I have many websites running off of one Zope installation and so it was not too bright to put a robots.txt fill in the Zope root and let all the sites inherit it down. Today, though, I wanted to customize one of them so I did this. # Robots file for <dtml-var absolute_url> User-agent: * Disallow: /Manage Disallow: /acl_users Disallow: /images <dtml-if robot_local> <dtml-var robot_local> </dtml-if> Again, nothing hugely brilliant, but I thought it was interesting enough to publish. I will put it up on Zope.org. Cheers, BZ
I'm not sure how smart it is to put your manage and acl_users directories in robots.txt, frankly. For benevolent robots that observe the restrictions you've placed on them, this does little aside from telling them not to index your images... which most of them don't anyway. They won't index what they can't get to and whatever is password protected isn't likely to be indexed. For less benevolent visitors, however, you've essentially told them exactly where to look for your vulnerabilities. Not cool. I don't know what you're seeing, but I get visitation from malicious robots at least daily. I'd hate to think what I'd get if I actually gave away any more implementation details. I also do virtual hosting and I've been hard-pressed to improve on having a single robots.txt in the root that allows everything for everyone. Pages that need to be kept private should be password protected... everything that's not should be considered fully public. And that single file in root is trivial to override on a site-by-site basis, as desired. FWIW, Dylan At 07:59 AM 11/9/2002 -0500, you wrote:
I have many websites running off of one Zope installation and so it was not too bright to put a robots.txt fill in the Zope root and let all the sites inherit it down. Today, though, I wanted to customize one of them so I did this.

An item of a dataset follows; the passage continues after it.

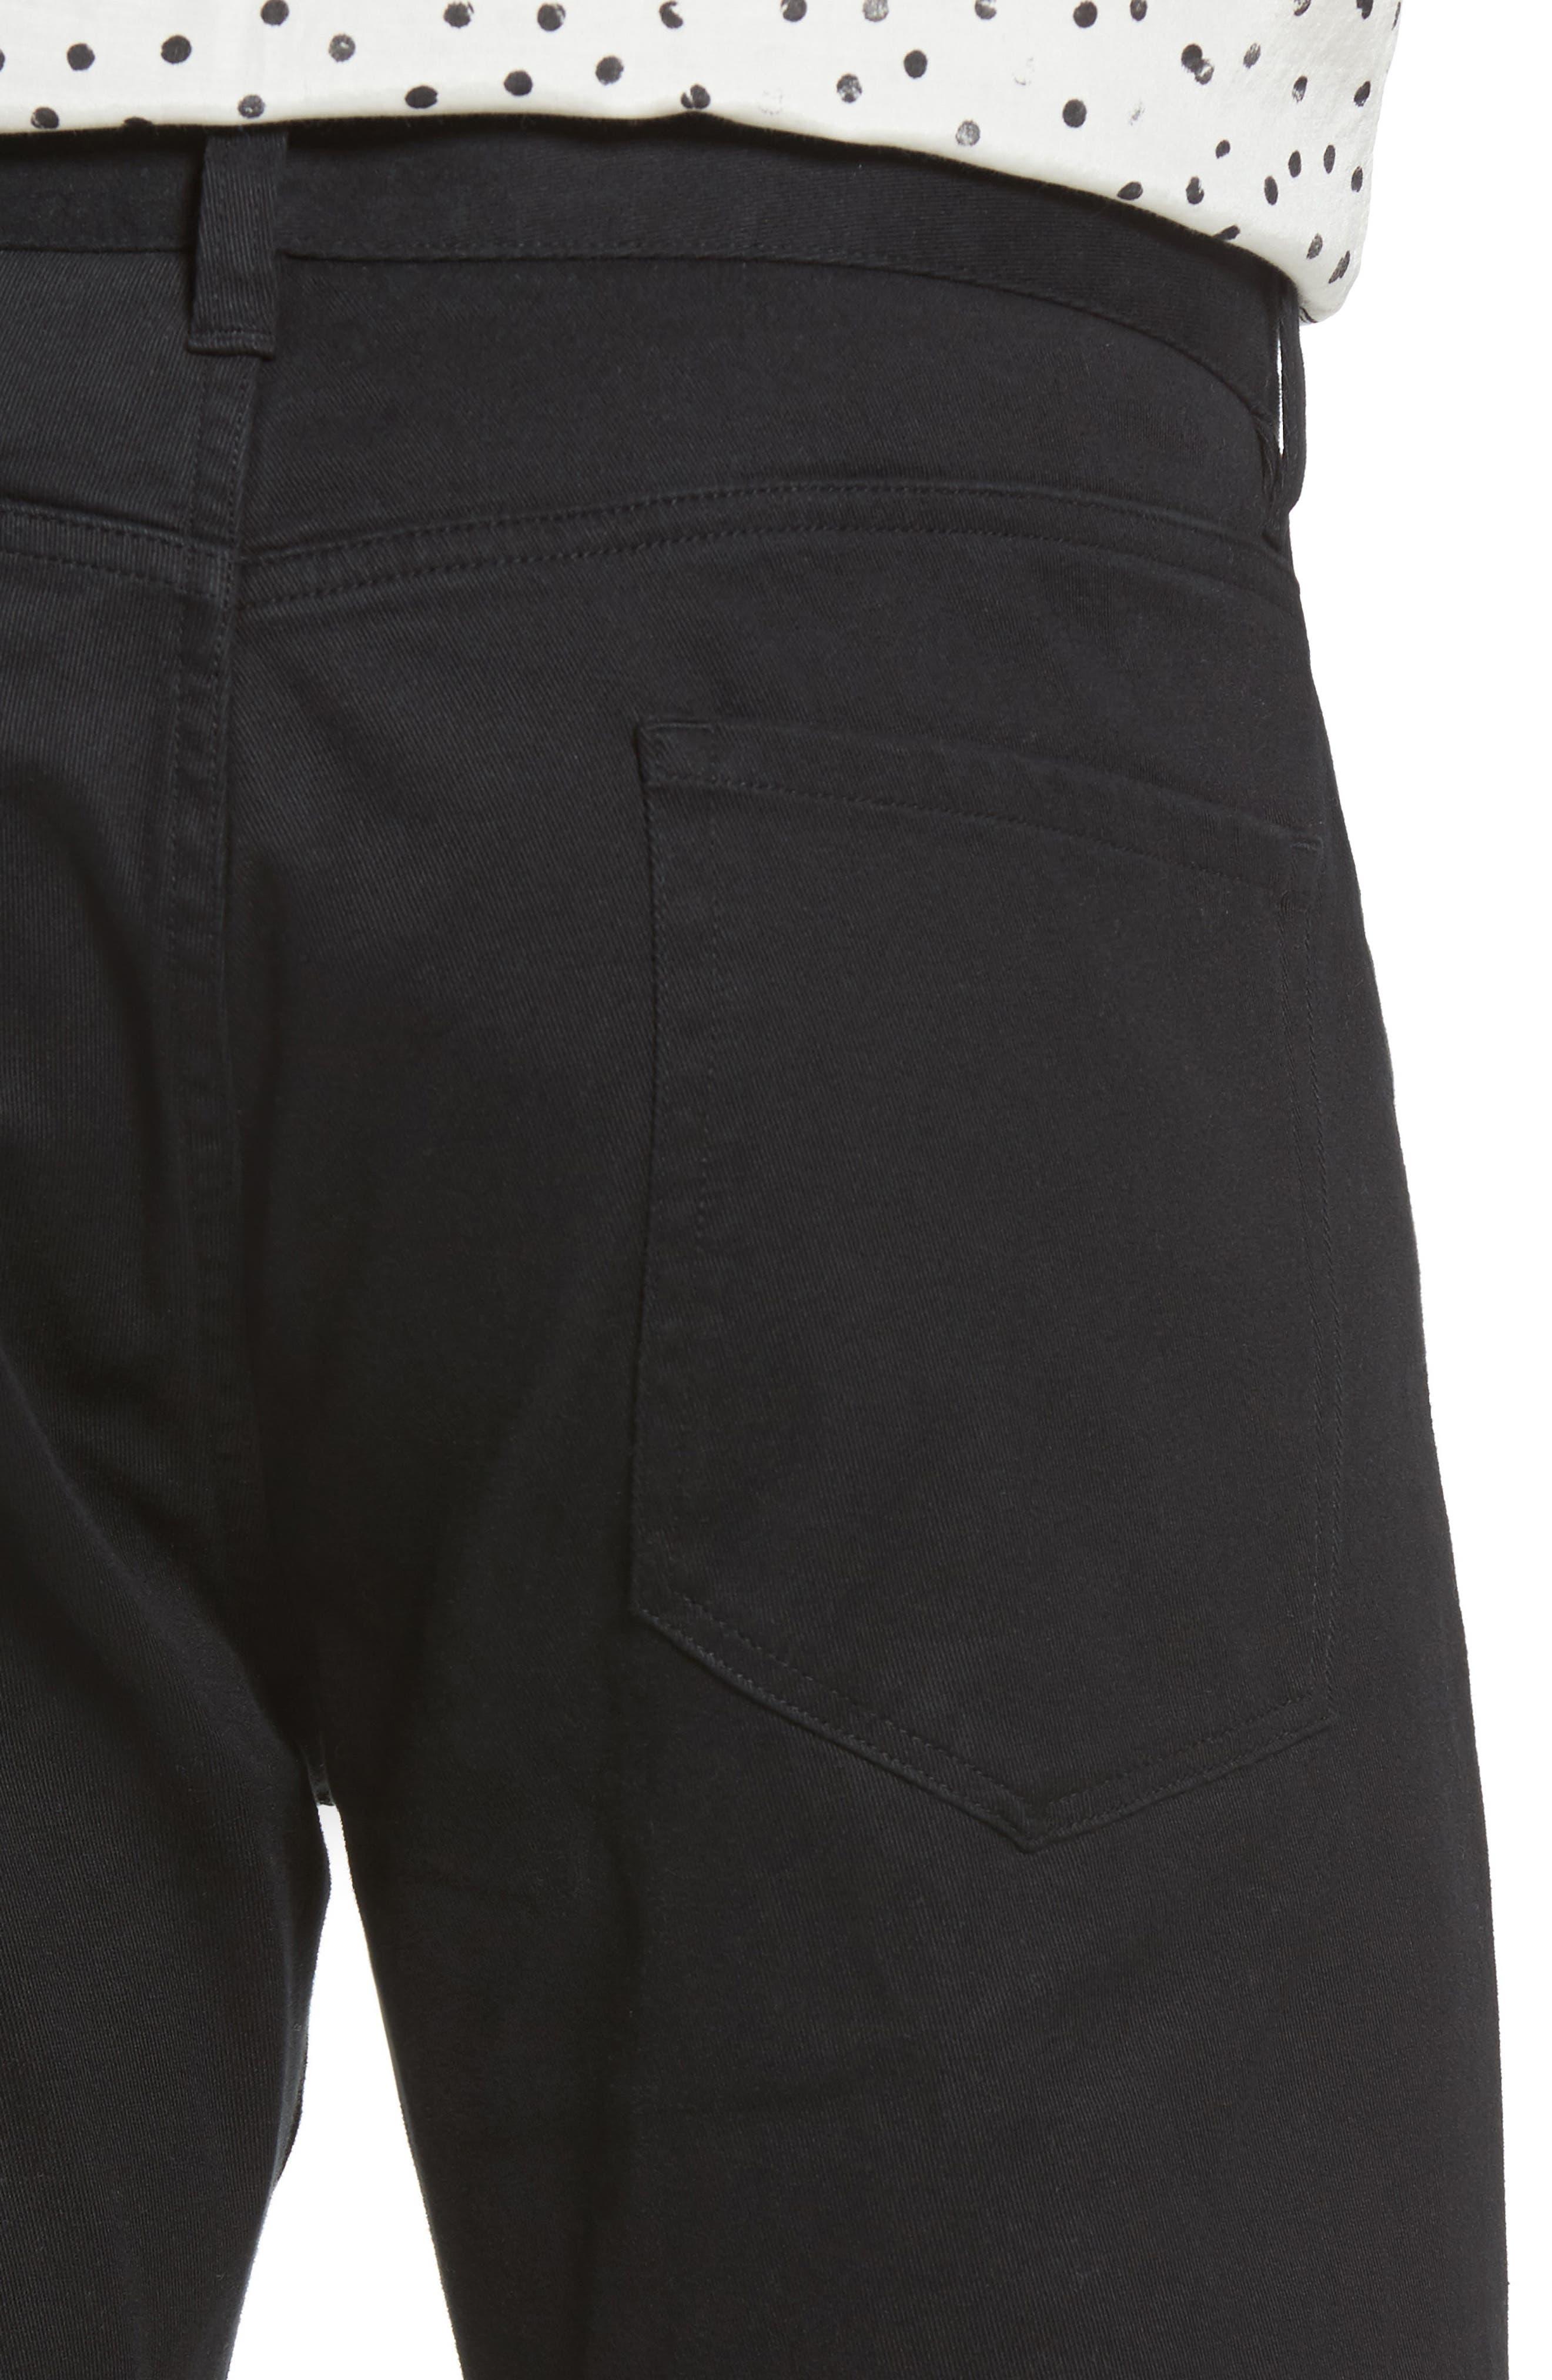 VINCE,                             Soho Slim Fit Five-Pocket Pants,                             Alternate thumbnail 4, color,                             001

# Robots file for <dtml-var absolute_url> User-agent: * Disallow: /Manage Disallow: /acl_users Disallow: /images <dtml-if robot_local> <dtml-var robot_local> </dtml-if>
Again, nothing hugely brilliant, but I thought it was interesting enough to publish.
I will put it up on Zope.org.
Cheers, BZ
_______________________________________________ Zope maillist - Zope@zope.org http://lists.zope.org/mailman/listinfo/zope ** No cross posts or HTML encoding! ** (Related lists - http://lists.zope.org/mailman/listinfo/zope-announce http://lists.zope.org/mailman/listinfo/zope-dev )

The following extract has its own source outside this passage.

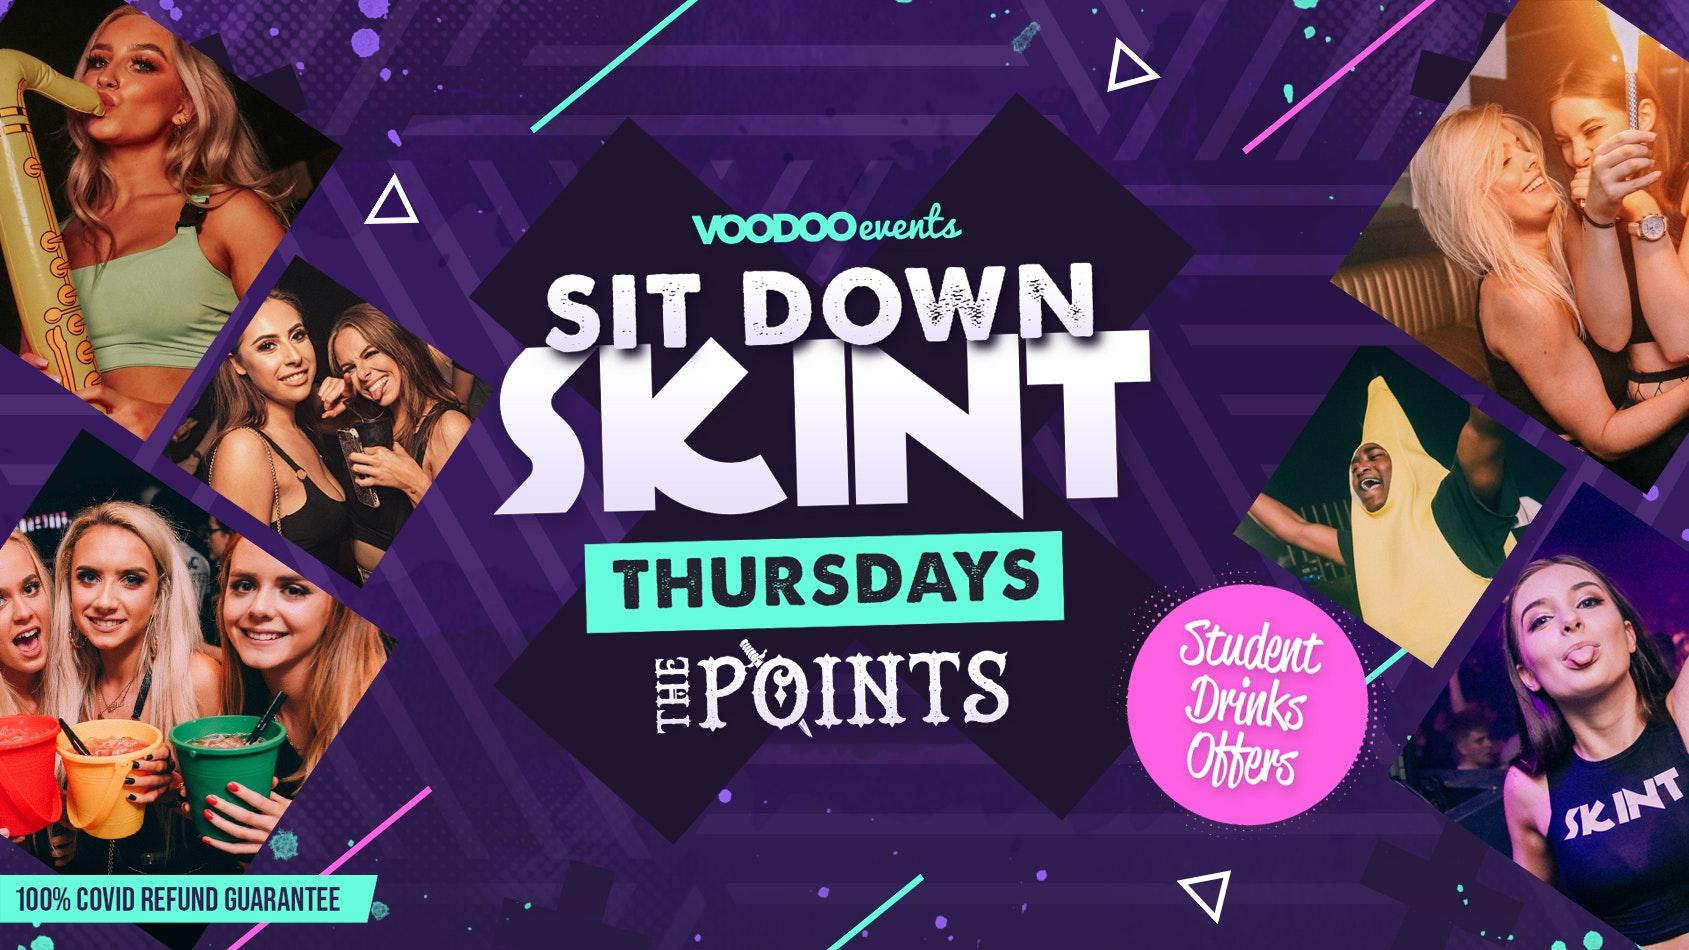 Sit Down Skint (Thursday)

It is always the trade off when you tell robots what to and what not to index. I will let Zope security keep up the bad robots, but I rather good robots not even try. BZ On Saturday, November 9, 2002, at 02:03 PM, Dylan Reinhardt wrote:
I'm not sure how smart it is to put your manage and acl_users directories in robots.txt, frankly.
For benevolent robots that observe the restrictions you've placed on them, this does little aside from telling them not to index your images... which most of them don't anyway. They won't index what they can't get to and whatever is password protected isn't likely to be indexed.
For less benevolent visitors, however, you've essentially told them exactly where to look for your vulnerabilities. Not cool.
I don't know what you're seeing, but I get visitation from malicious robots at least daily. I'd hate to think what I'd get if I actually gave away any more implementation details.
I also do virtual hosting and I've been hard-pressed to improve on having a single robots.txt in the root that allows everything for everyone. Pages that need to be kept private should be password protected... everything that's not should be considered fully public. And that single file in root is trivial to override on a site-by-site basis, as desired.
FWIW,
Dylan
At 07:59 AM 11/9/2002 -0500, you wrote:
I have many websites running off of one Zope installation and so it was not too bright to put a robots.txt fill in the Zope root and let all the sites inherit it down. Today, though, I wanted to customize one of them so I did this.
# Robots file for <dtml-var absolute_url> User-agent: * Disallow: /Manage Disallow: /acl_users Disallow: /images <dtml-if robot_local> <dtml-var robot_local> </dtml-if>
Again, nothing hugely brilliant, but I thought it was interesting enough to publish.
I will put it up on Zope.org.
Cheers, BZ
_______________________________________________ Zope maillist - Zope@zope.org http://lists.zope.org/mailman/listinfo/zope ** No cross posts or HTML encoding! ** (Related lists - http://lists.zope.org/mailman/listinfo/zope-announce http://lists.zope.org/mailman/listinfo/zope-dev )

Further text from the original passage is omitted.